We're Just Getting Started: A Glimpse at the History of Uncertainty


We've had our cerebral cortex for several tens of thousands of years. We've lived in more or less sedentary settlements and produced excess food for 7 or 8 thousand years. We've written down our thoughts for roughly 5 thousand years. And Science? The ancient Greeks had some, but science and its systematic application are overwhelmingly a European invention of the past 500 years. We can be proud of our accomplishments (quantum theory, polio vaccine, powered machines), and we should worry about our destructive capabilities (atomic, biological and chemical weapons). But it is quite plausible, as Koestler suggests, that we've only just begun to discover our cerebral capabilities. It is more than just plausible that the mysteries of the universe are still largely hidden from us. As evidence, consider the fact that the main theories of physics - general relativity, quantum mechanics, statistical mechanics, thermodynamics - are still not unified. And it goes without say that the consilient unity of science is still far from us.

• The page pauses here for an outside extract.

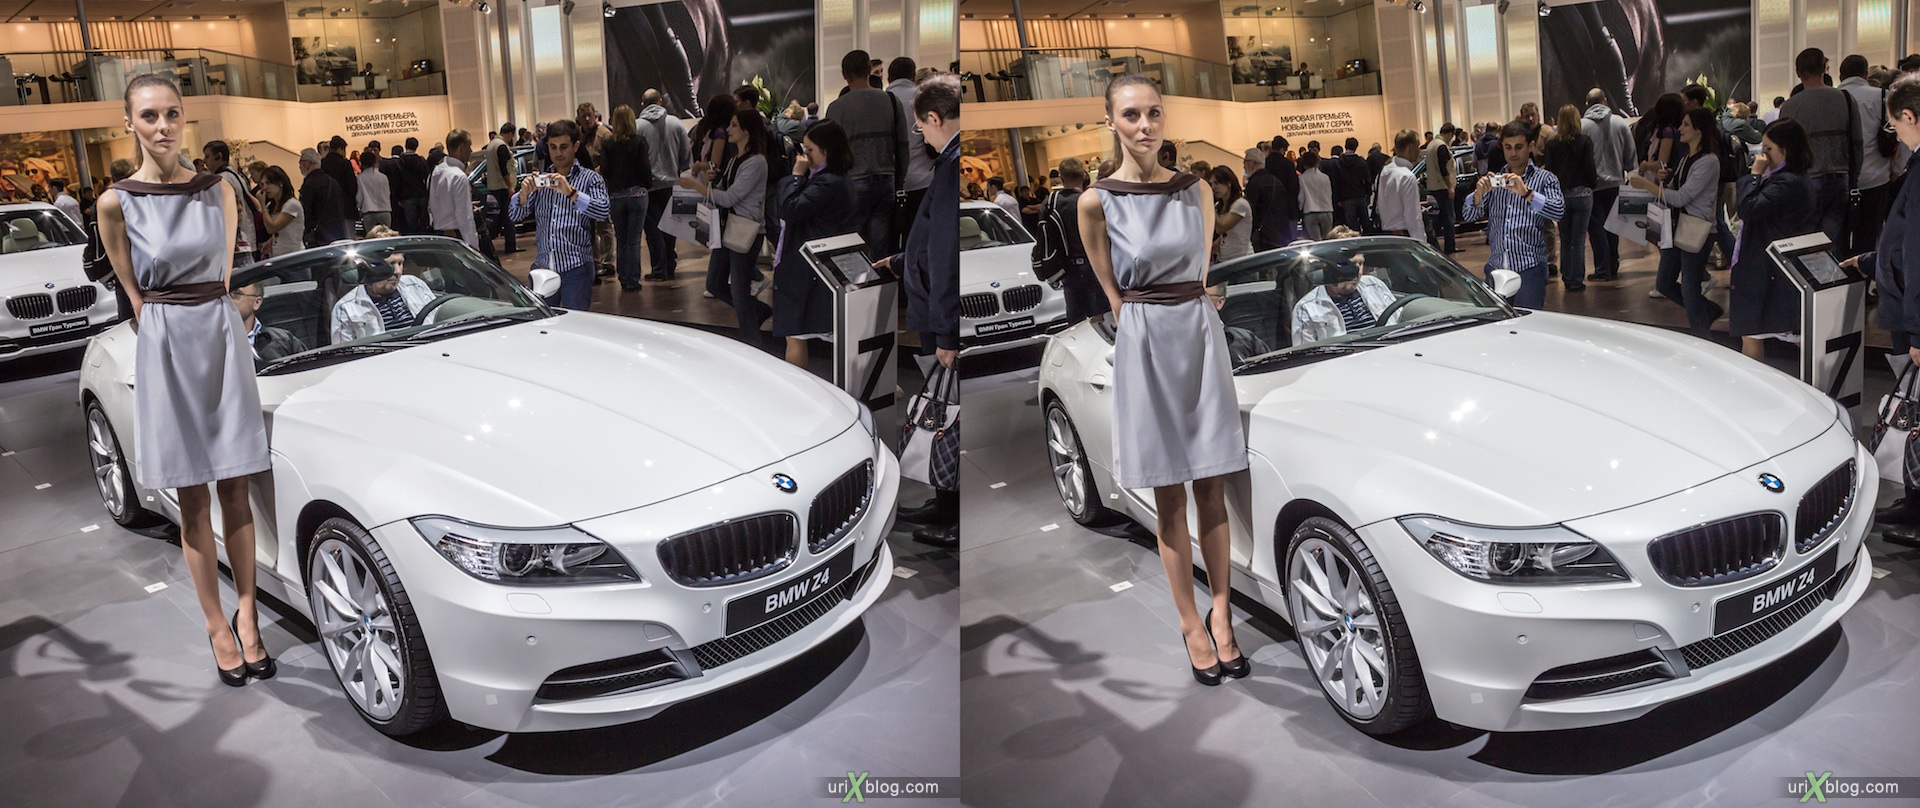 2012, BMW Z4, девушка, модель, girl, model, Moscow International Automobile Salon, auto show, 3D, stereo pair, cross-eyed, crossview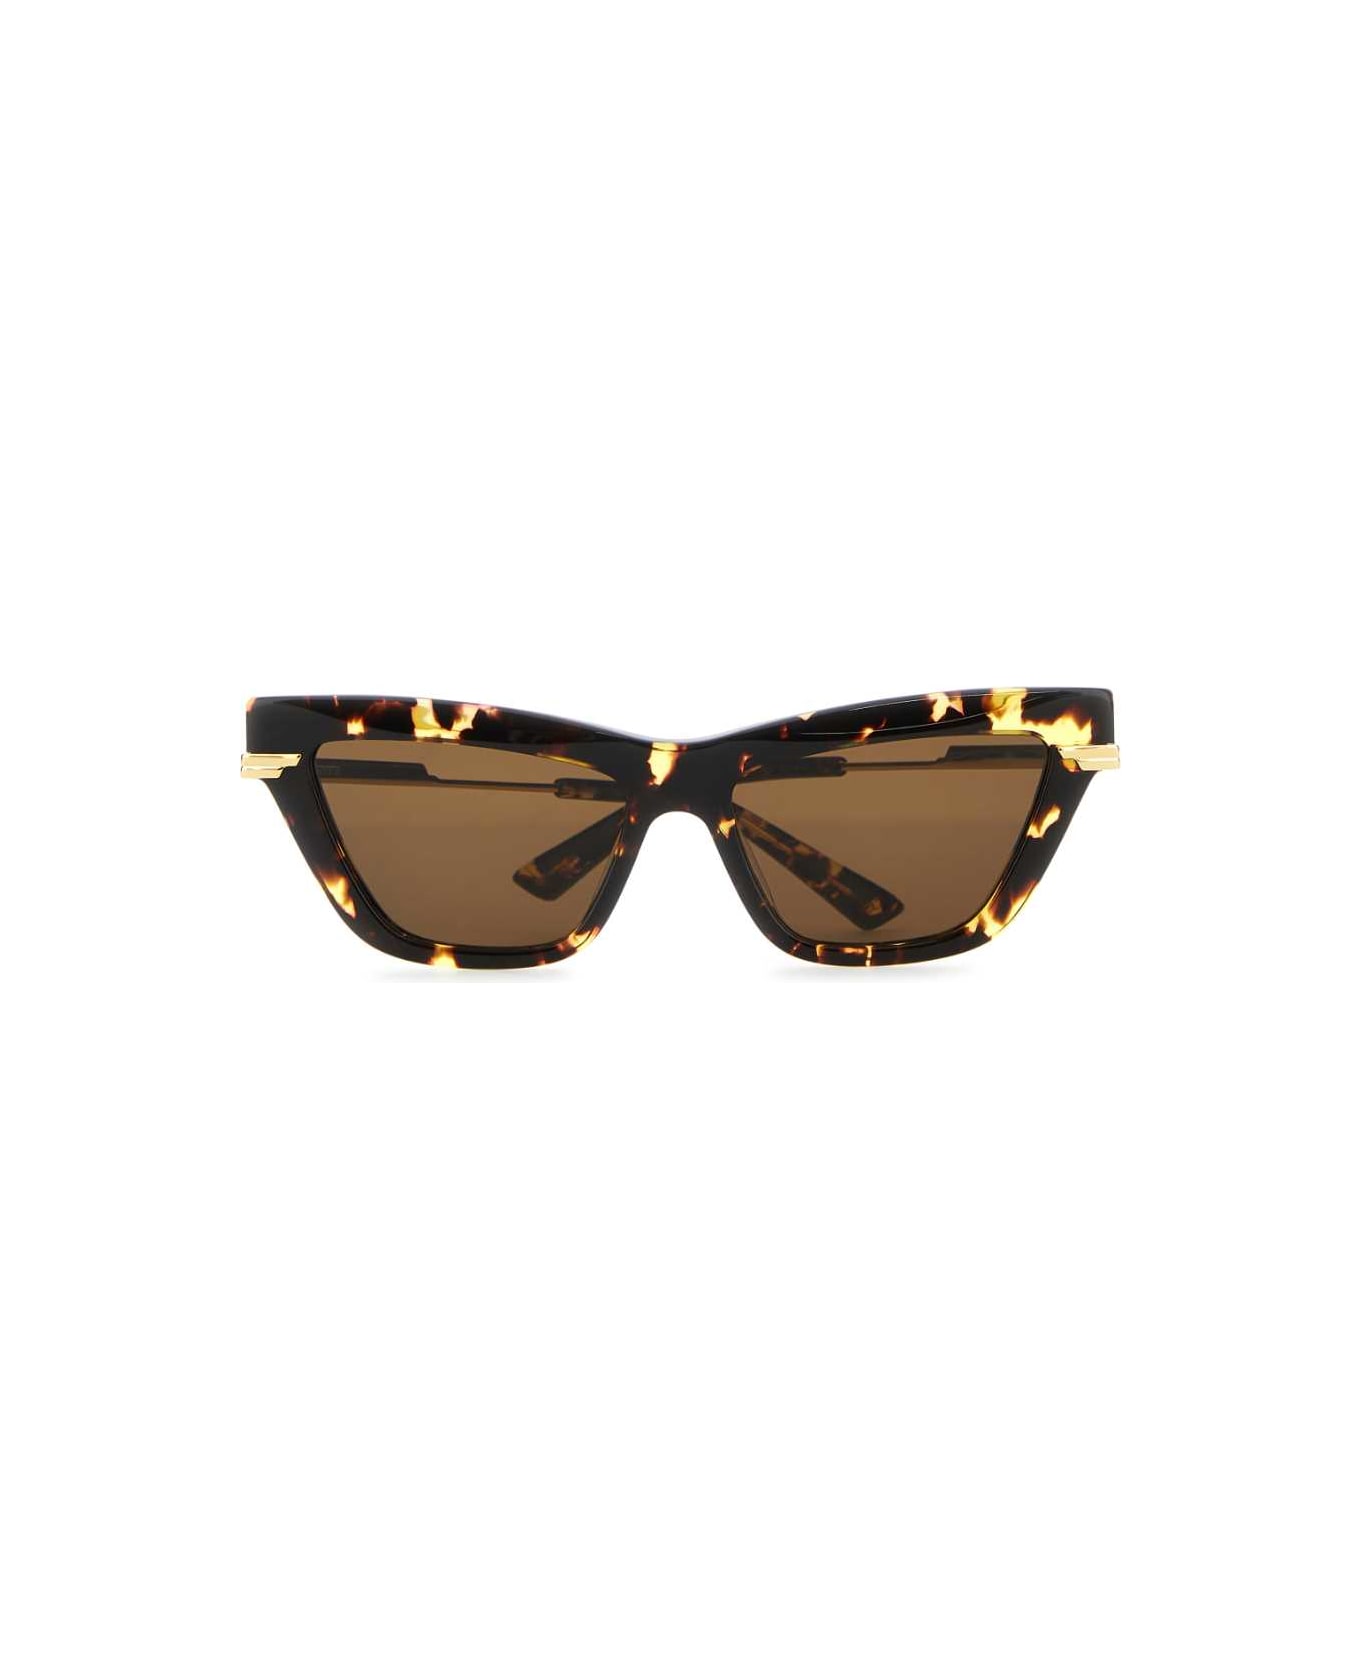 Bottega Veneta Printed Acetate Sunglasses - HAVANAGOLDBROWN サングラス

What holds for science in general, holds also for the study of uncertainty. The ancient Greeks invented the axiomatic method and used it in the study of mathematics. Some medieval thinkers explored the mathematics of uncertainty, but it wasn't until around 1600 that serious thought was directed to the systematic study of uncertainty, and statistics as a separate and mature discipline emerged only in the 19th century. The 20th century saw a florescence of uncertainty models. Lukaczewicz discovered 3-valued logic in 1917, and in 1965 Zadeh introduced his work on fuzzy logic. In between, Wald formulated a modern version of min-max in 1945. A plethora of other theories, including P-boxes, lower previsions, Dempster-Shafer theory, generalized information theory and info-gap theory all suggest that the study of uncertainty will continue to grow and diversify.

In short, we have learned many facts and begun to understand our world and its uncertainties, but the disputes and open questions are still rampant and the yet-unformulated questions are endless. This means that innovations, discoveries, inventions, surprises, errors, and misunderstandings are to be expected in the study or management of uncertainty. We are just getting started.